The Symbolic Daffodil

The daffodil, Narcissus amaryllidaceae, has been a source of fascination since antiquity and a fertile subject of folklore and poetry. Early flowering, daffodils are harbingers of spring and symbols of rebirth. A gift of daffodils suggests new love and constancy.

The flower, also called narcissus for its Latin genus, is native to southwest Europe and North Africa though it is now grown most everywhere. The name “daffodil” first appeared in the English language in the 16th century and is derived from asphodel, an Old World perennial with particularly poetic connotations. The white or yellow flower is a completely different plant genus from the narcissus, but “daffodil,” the popular term for asphodel, was misapplied to the narcissus genus for many years. Eventually the narcissus came to claim the name and also much of the asphodel’s lore. In The Odyssey, the Greek poet Homer writes of an asphodel-covered meadow where the souls of the dead wander. According to Greek myth, Persephone, the goddess of spring growth, is picking the flower when she is abducted by the underworld god Hades. Ancient Egyptian nobility were buried with daffodils to announce the afterlife.

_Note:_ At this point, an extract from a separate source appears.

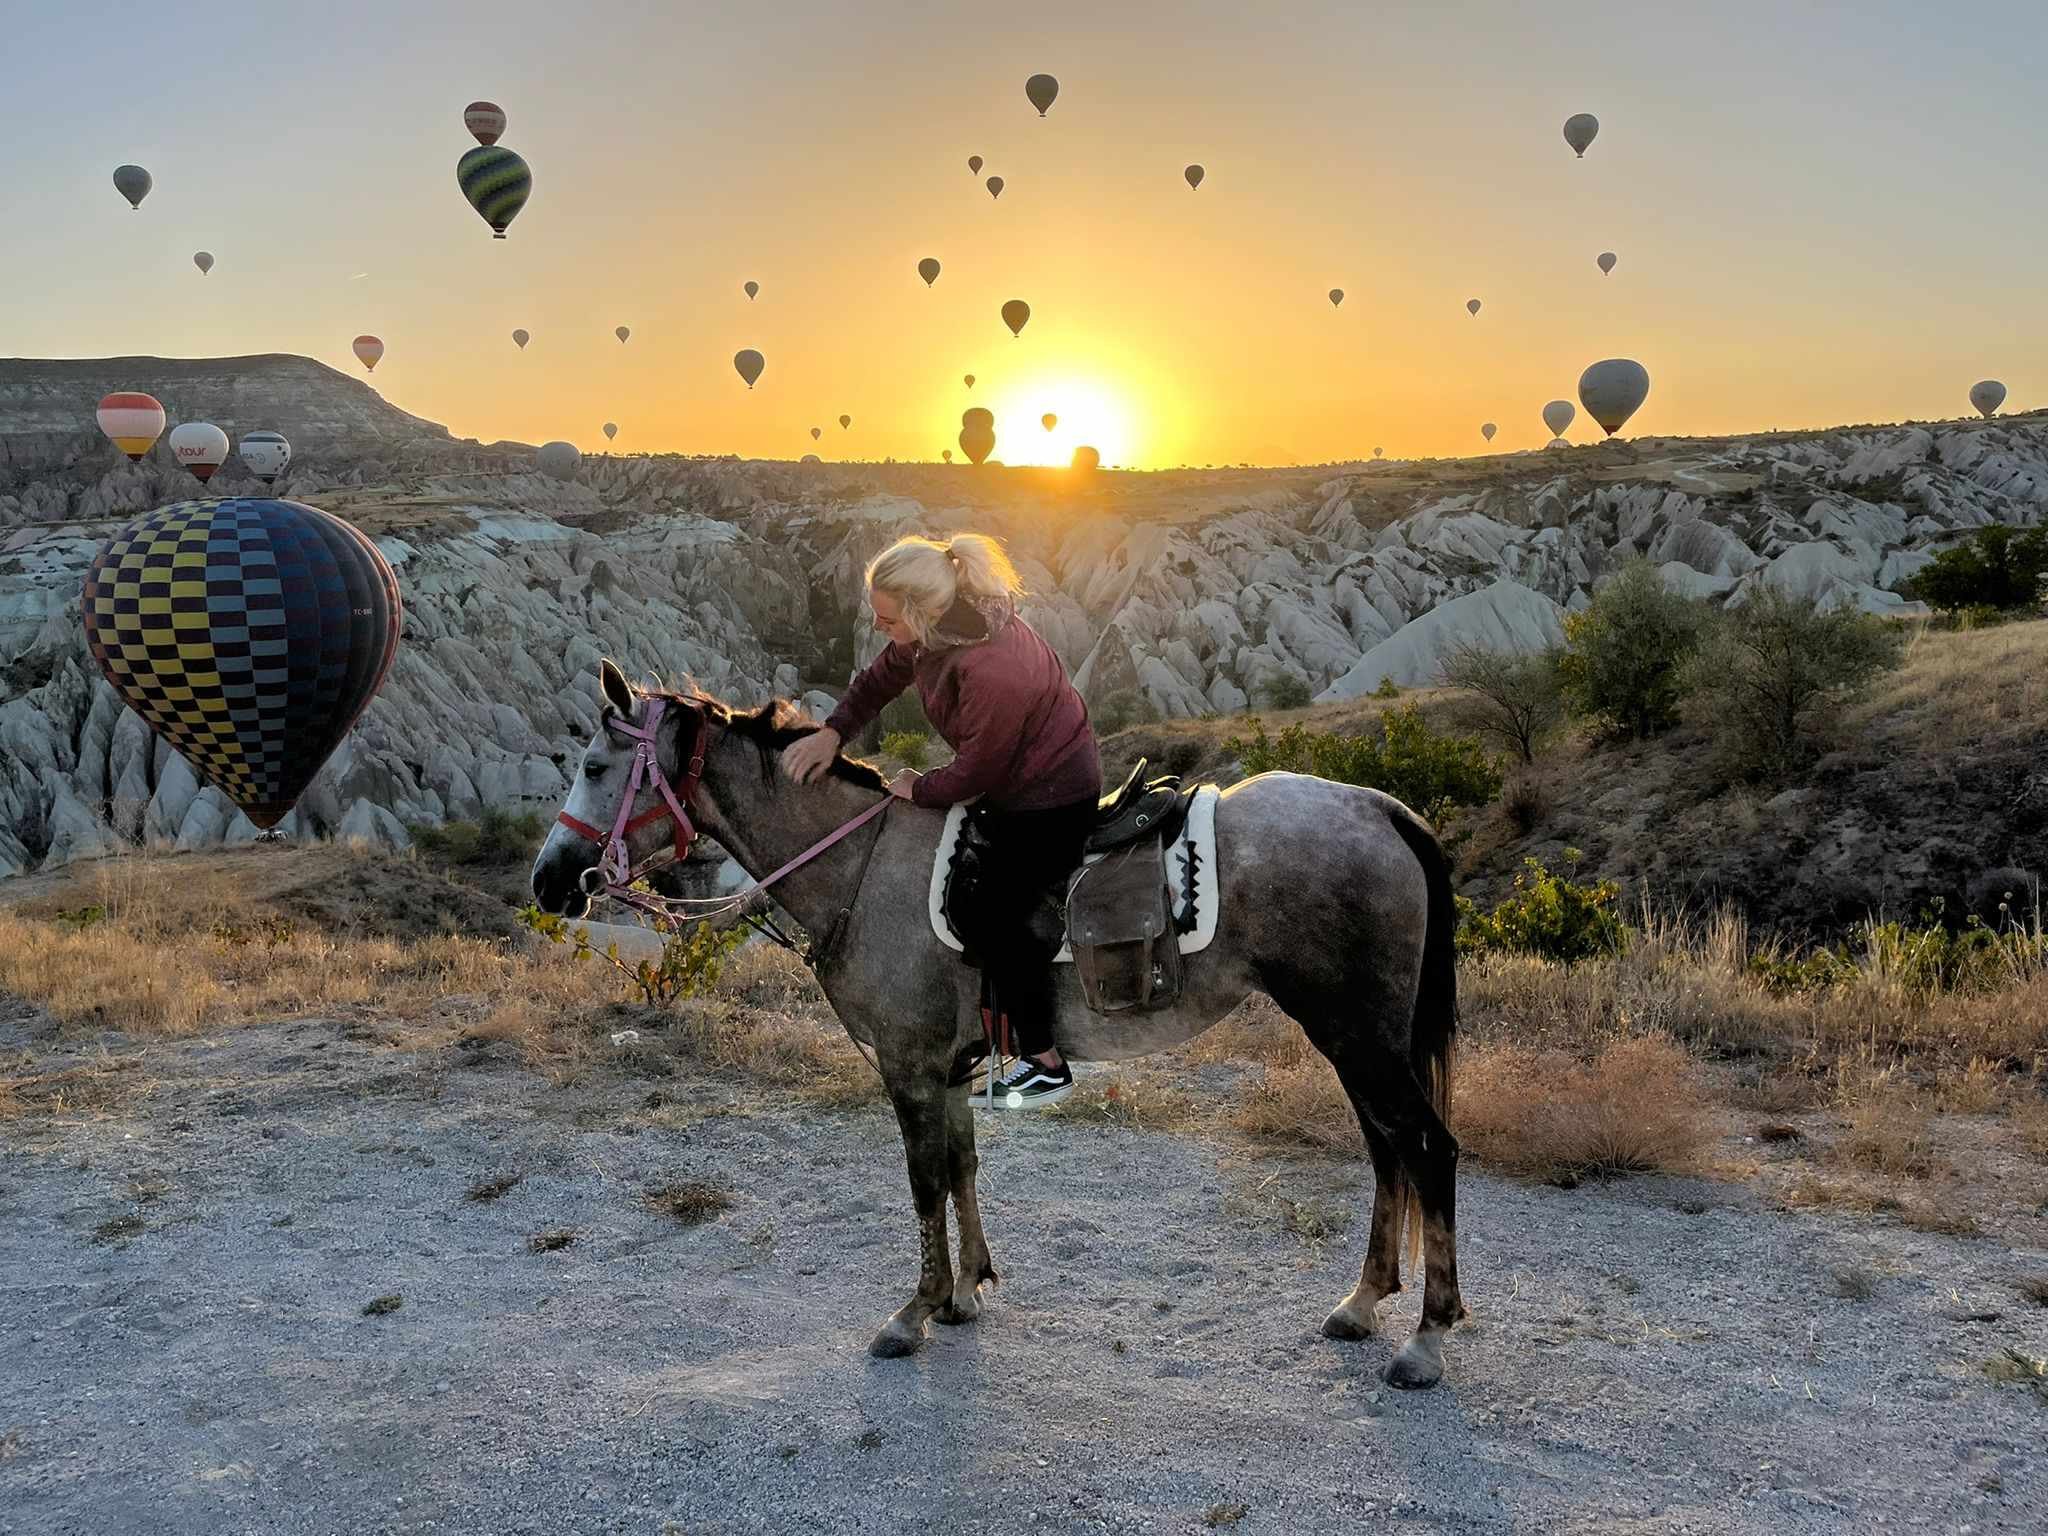 A person on a horse with another horse beside them at sunrise, with multiple hot air balloons in the sky above a rocky landscape.
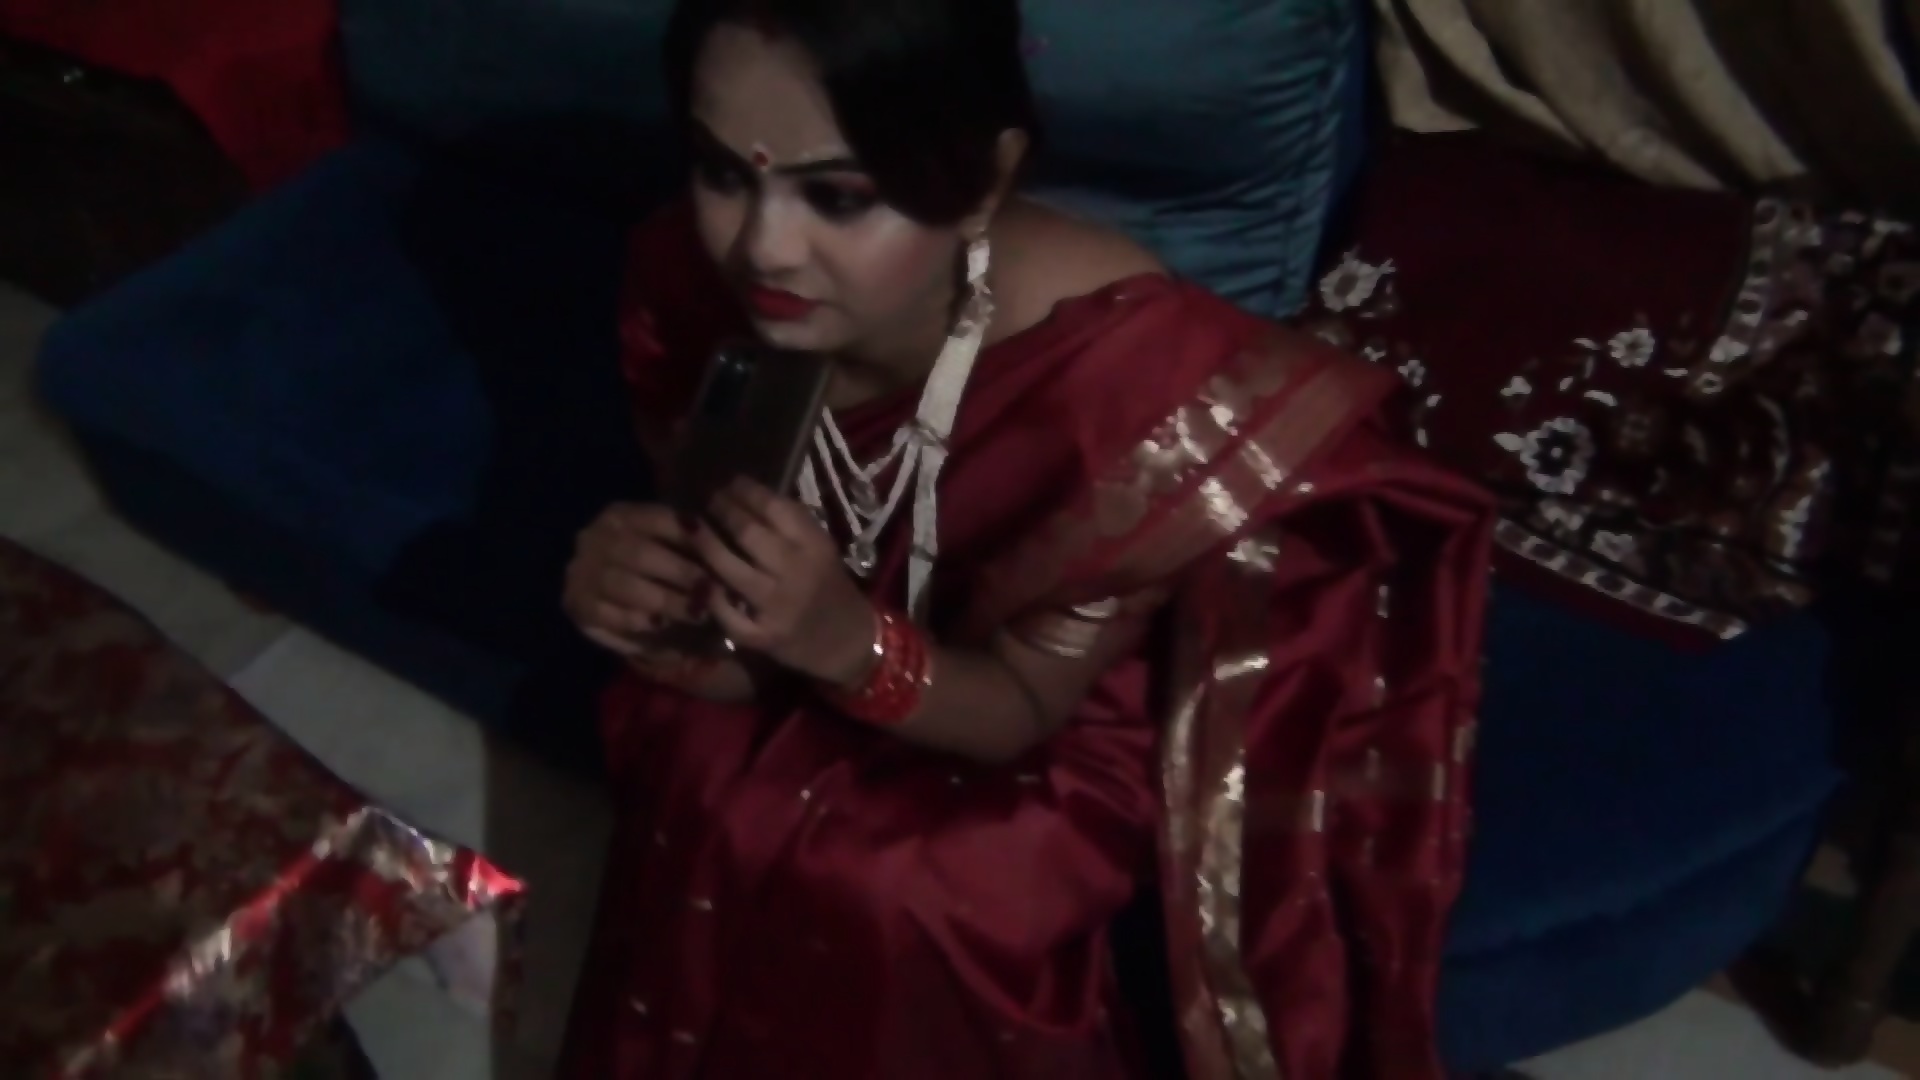 First Night Sex By Uncle And Aunty Is Hot Couple

Blooming before Easter, the Christian celebration of Jesus’ resurrection, the daffodil is sometimes referred to as the Lent lily. In the late Middle Ages, the flower appears in representations of the crucifixion.

Certain varieties of the narcissus have a darker association. In mythology, the hunter Narcissus is so profoundly taken with his handsome image reflected in a pool that he dies pining for it. The flower that springs up at the water’s edge in his place—its lovely head bowed in grief—bears his name and has been forever correlated with vanity and narcissism.

In the nineteenth century, the daffodil turned up in paintings by Pre-Raphaelite artists and others who provided visual interpretations of these famous mythological stories. So when Louis Comfort Tiffany became enamored of the daffodil, he joined a long list of its admirers.

Louis Comfort Tiffany and Daffodils

The flower was a favorite of Tiffany’s according to a letter from his daughter Comfort Gilder (1887–1974) to the Morse Museum’s first director, Hugh F. McKean (1907–95).

For Tiffany, nature was a crucial source of inspiration for his creative expression. To this end, Tiffany collected innumerable books on flowers and horticulture. At his Long Island country estate, Laurelton Hall (built 1902–5), The American Midland Naturalist, a horticultural magazine of the time, noted that Tiffany planted at least two daffodil varieties, Narcissus poeticus and Narcissus pseudonarcissus. Tiffany’s daughter Comfort reported that her father reserved a special place for his daffodils at Laurelton Hall, planting them strategically in front of and amongst planted trees, shrubs, vines, and other flora. “One place,” she says in a poem written about the property, “he let run wild with daffodils. … The daffodils looked as if they had sprung up from the ground themselves, not touched by a human hand.” In fact, Tiffany planted fields of them.